Could you copy the data that follows exactly as written, but drop the pictures?

+++ Information shown +++

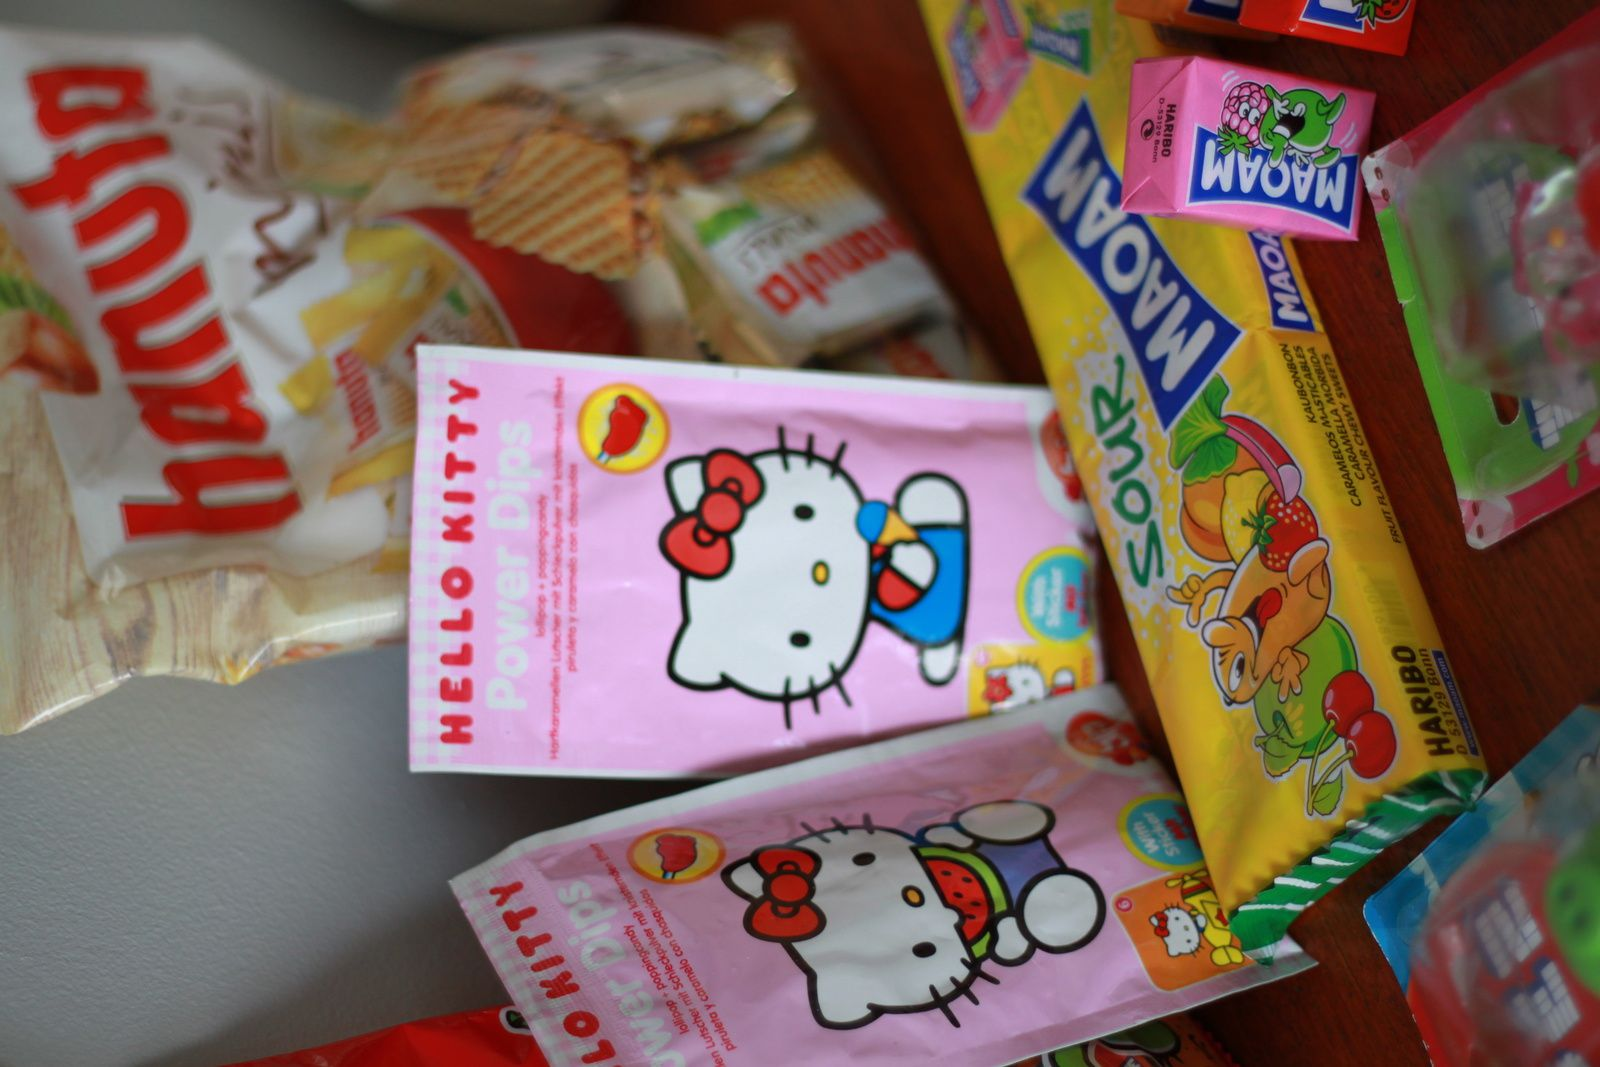 Pez, Hello Kitty et cie...Merci Haribo et Ferrero
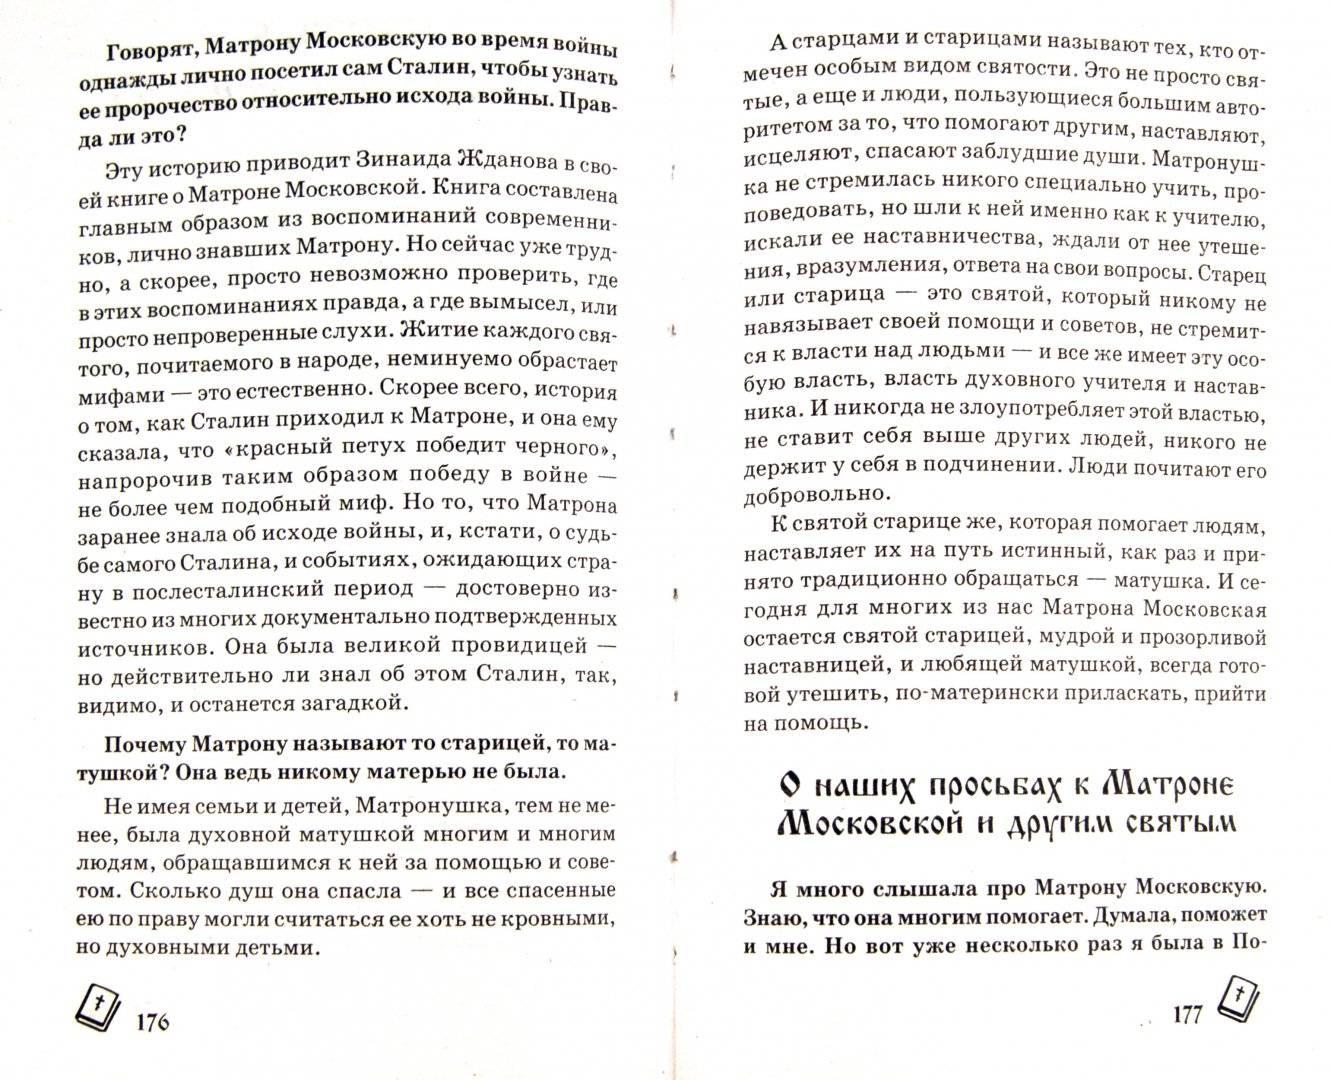 Предсказание святой матроны московской о судьбе россии и мира после кризиса 2020-го (7 фото)
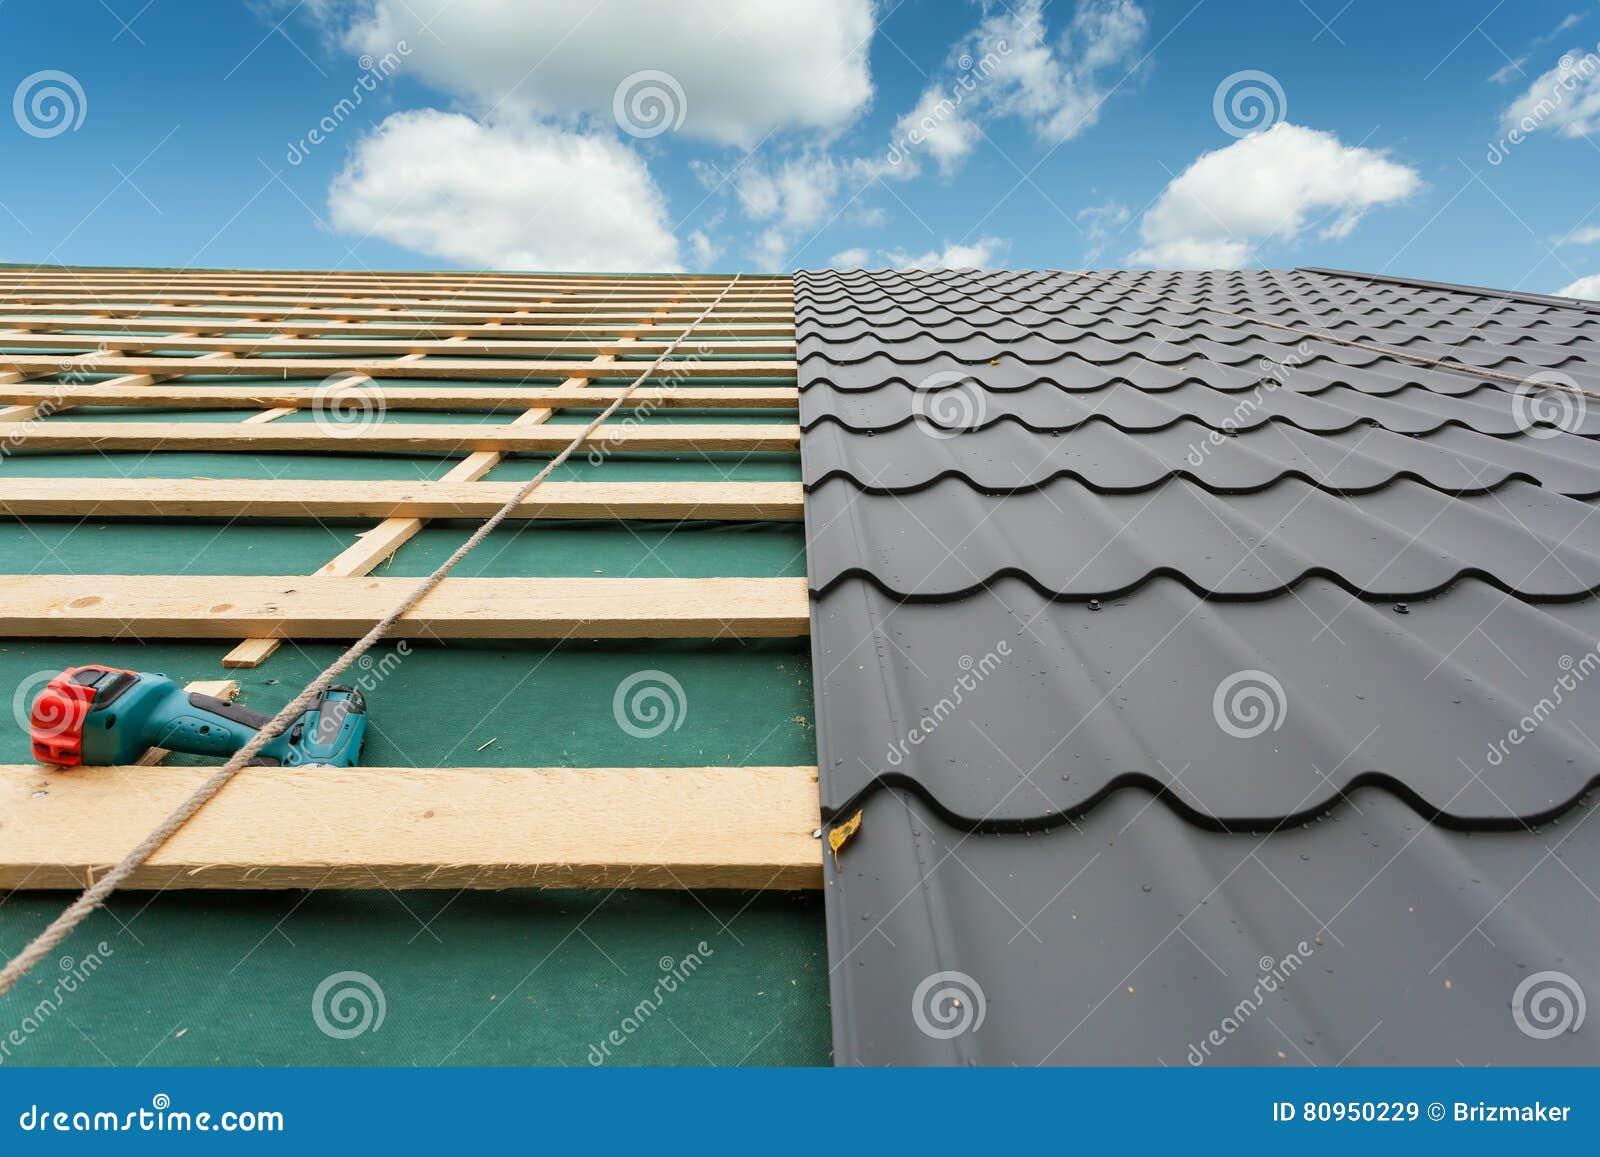 下建筑房子 有金属瓦片、螺丝刀和屋顶铁的屋顶
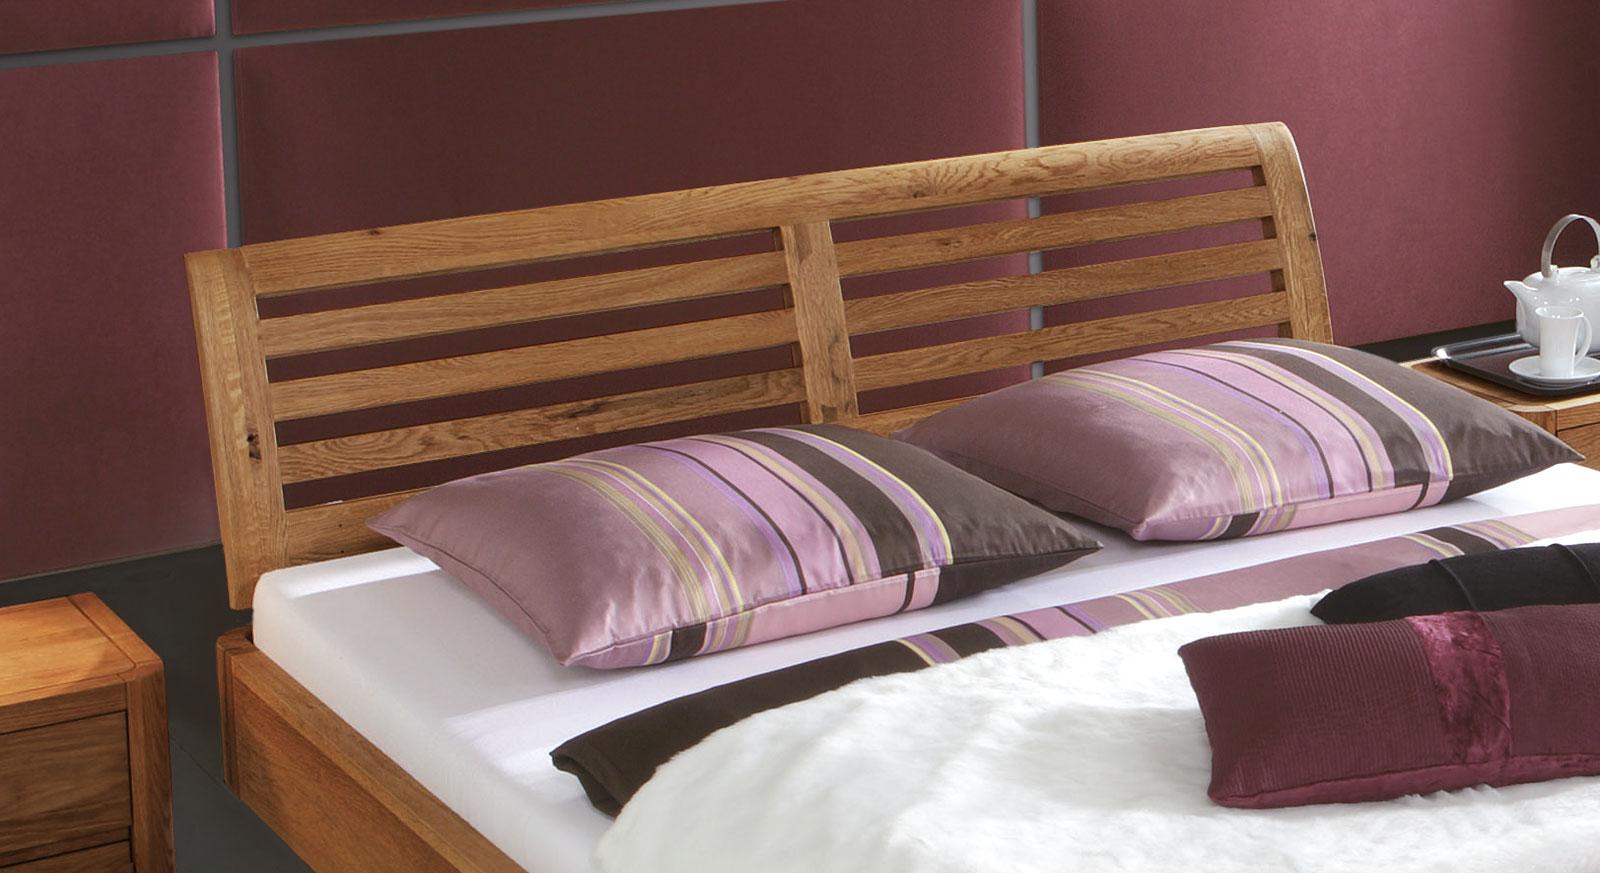 Hochwertiges Bett Salerno aus massivholz mit sprossen-kopfteil.

+++

Output for this exercise —
 Pez, Hello Kitty et cie...Merci Haribo et Ferrero
 Предсказание святой матроны московской о судьбе россии и мира после кризиса 2020-го (7 фото)
 下建筑房子 有金属瓦片、螺丝刀和屋顶铁的屋顶
 Hochwertiges Bett Salerno aus massivholz mit sprossen-kopfteil.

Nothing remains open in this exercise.